Я перестал размышлять о добре и зле, потому что добро бесконечно и непостижимо, а зло ничтожно и бессмысленно. Я перестал рассуждать о лжи и справедливости, ведь чья-то ложь может оказаться единственной правдой обо мне, а моя правда часто вводит других в заблуждение. Смысл слов недоступен. И когда я проникаю в суть одного лишь сказанного, вырванного из хаоса контекста слова, то предо мной открывается бесконечность разума, такая непостижимая глубинна ясности, что меня охватывает первобытный ужас! Я чувствую присутствие Великого и Древнего, того, кто устроил мир. Но я не верю в его существование. Я не верю ни людям, ни камням. Не разделю весенней радости цветущих слив, не доверяю вагоновожатому, направляющему трамвайный вагон по лини Братцево-Сокол.
Не доверяю, но сажусь и еду.
И ещё я не верю спившимся пророкам, напевающим свои мелодичнее пророчества зрительному залу. Они не знают смысла собственных песен, а потому всегда идут на поводу у публики.
Не верю беременным женщинам. В них кричит биология, но им безразлично, кого именно они произведут на свет.
Я сомневаюсь в необходимости продолжения рода человеческого.
И самому себе не верю, потому что я тоже зачат случайно, рождён по чьей-то воле, напичкан странной информацией, и тоже являюсь объектом чьих-то сомнений.
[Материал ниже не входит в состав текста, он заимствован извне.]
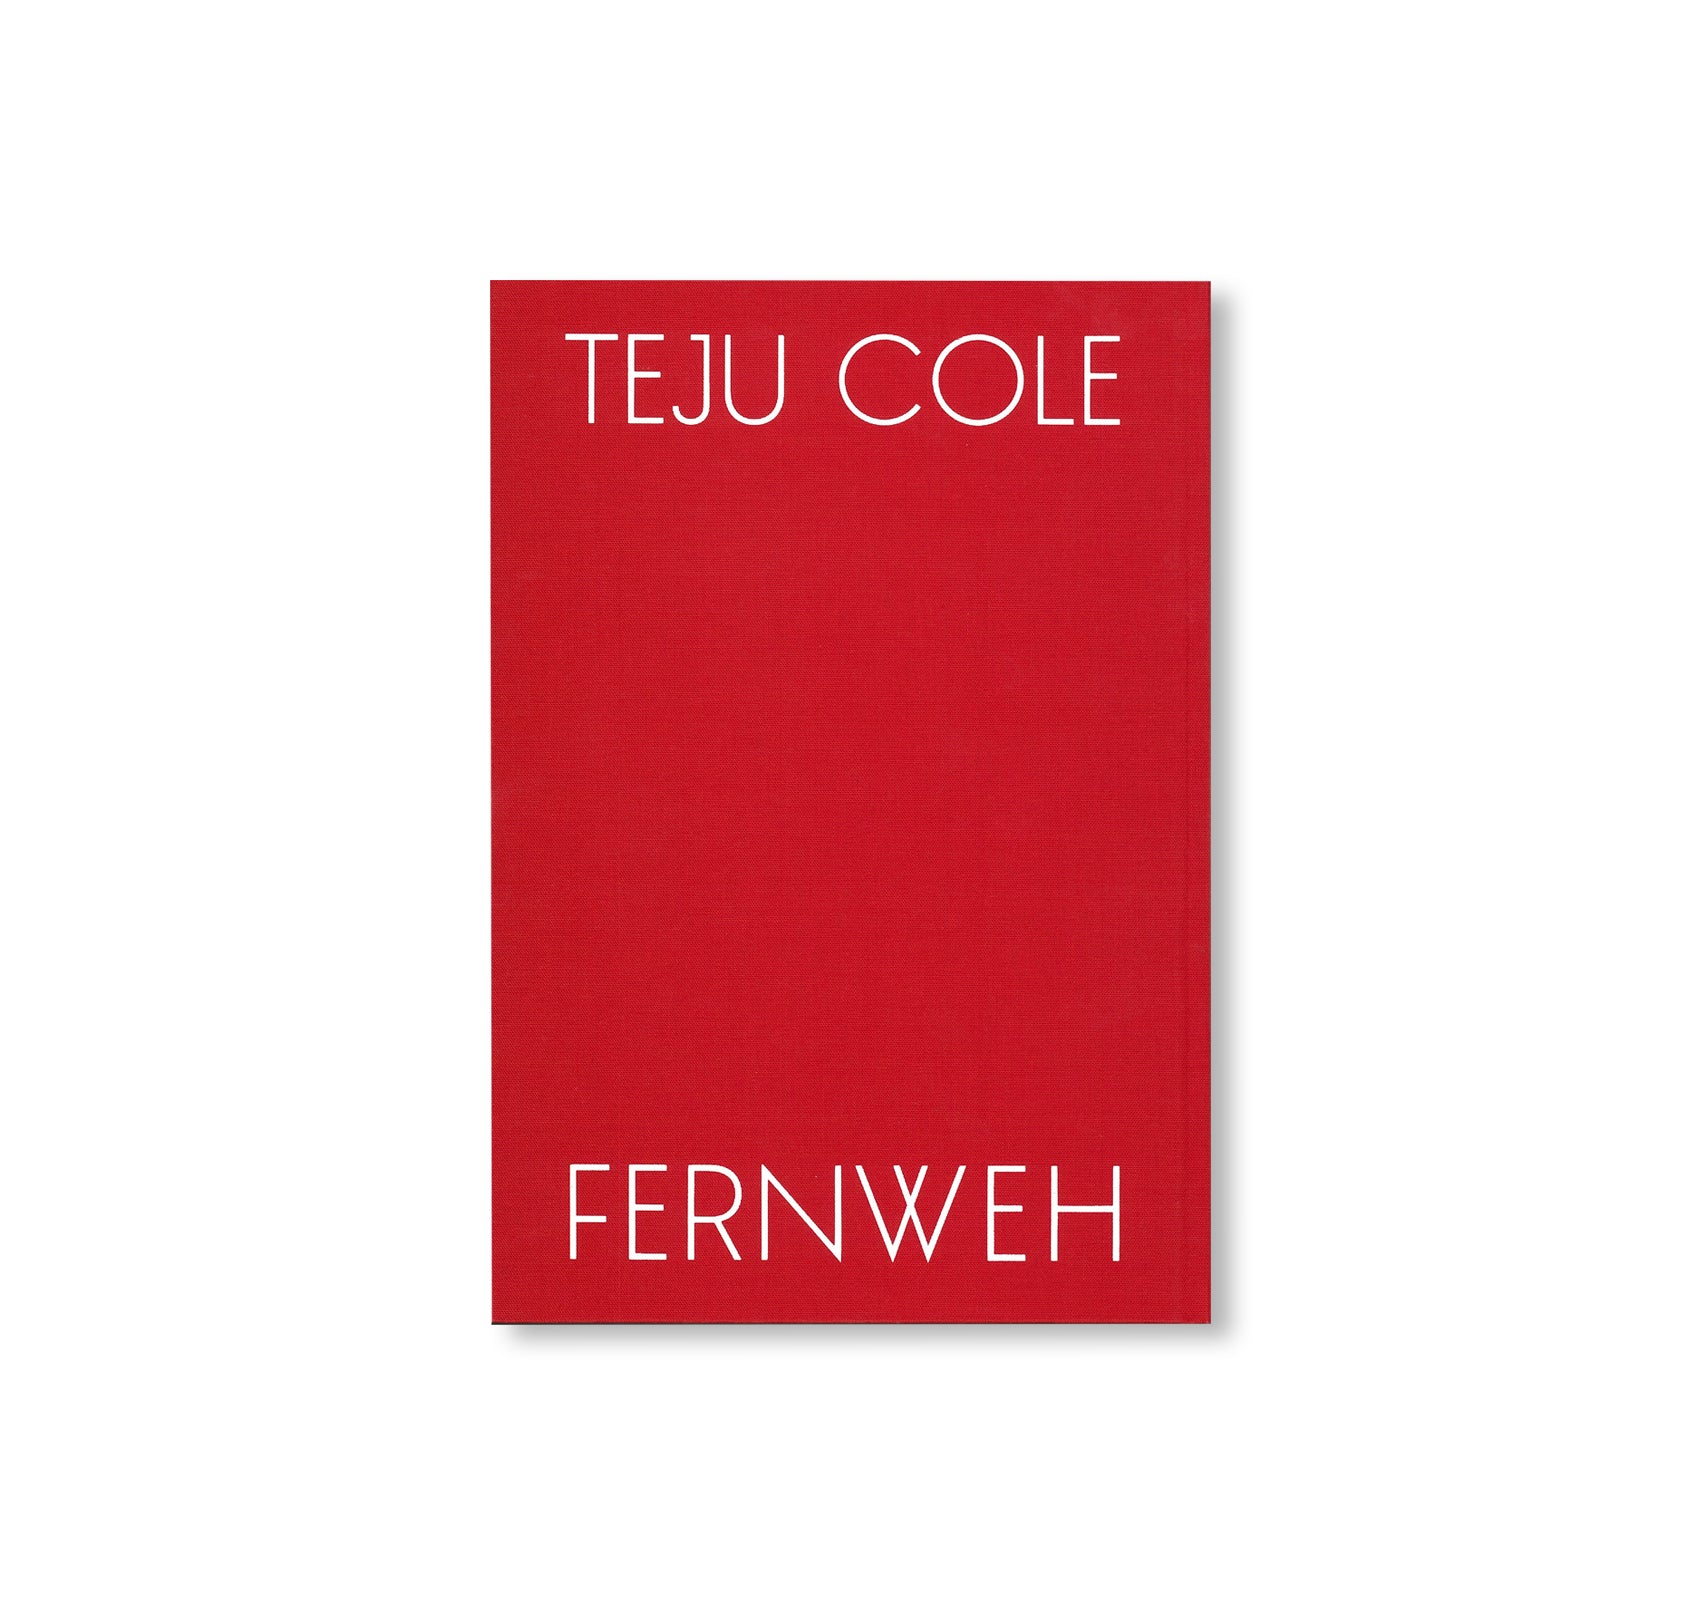 FERNWEH by Teju Cole [SIGNED]

И уж конечно не верю ни в глас божий, ни в знамения его, ни в упования на него. Есть нечто, находящееся вне зоны доступа. Непознанная система. Вторжения бывают только случайными. Ведь достаточно одного лишь незначительного поступка, одного искажённого слова, одной неверной запятой, не так поставленному ударению, и вселенная пошатнётся. Пламя вырвется из подземных галерей. Волны сметут жилища. Трамвай на линии Братцево-Сокол сойдёт с рельс. А у симпатичной студентки, одиноко сидящей в летнем кафе, какой-нибудь сумеречный гандон украдёт кошелёк.
— Ты что, глухой? Тушинский суд! На выход! Руки за спину. Третий! Принимай!
Что хуже: быть одиноким в толпе на Ленинском проспекте, или говорить со вселенной в одиночной камере?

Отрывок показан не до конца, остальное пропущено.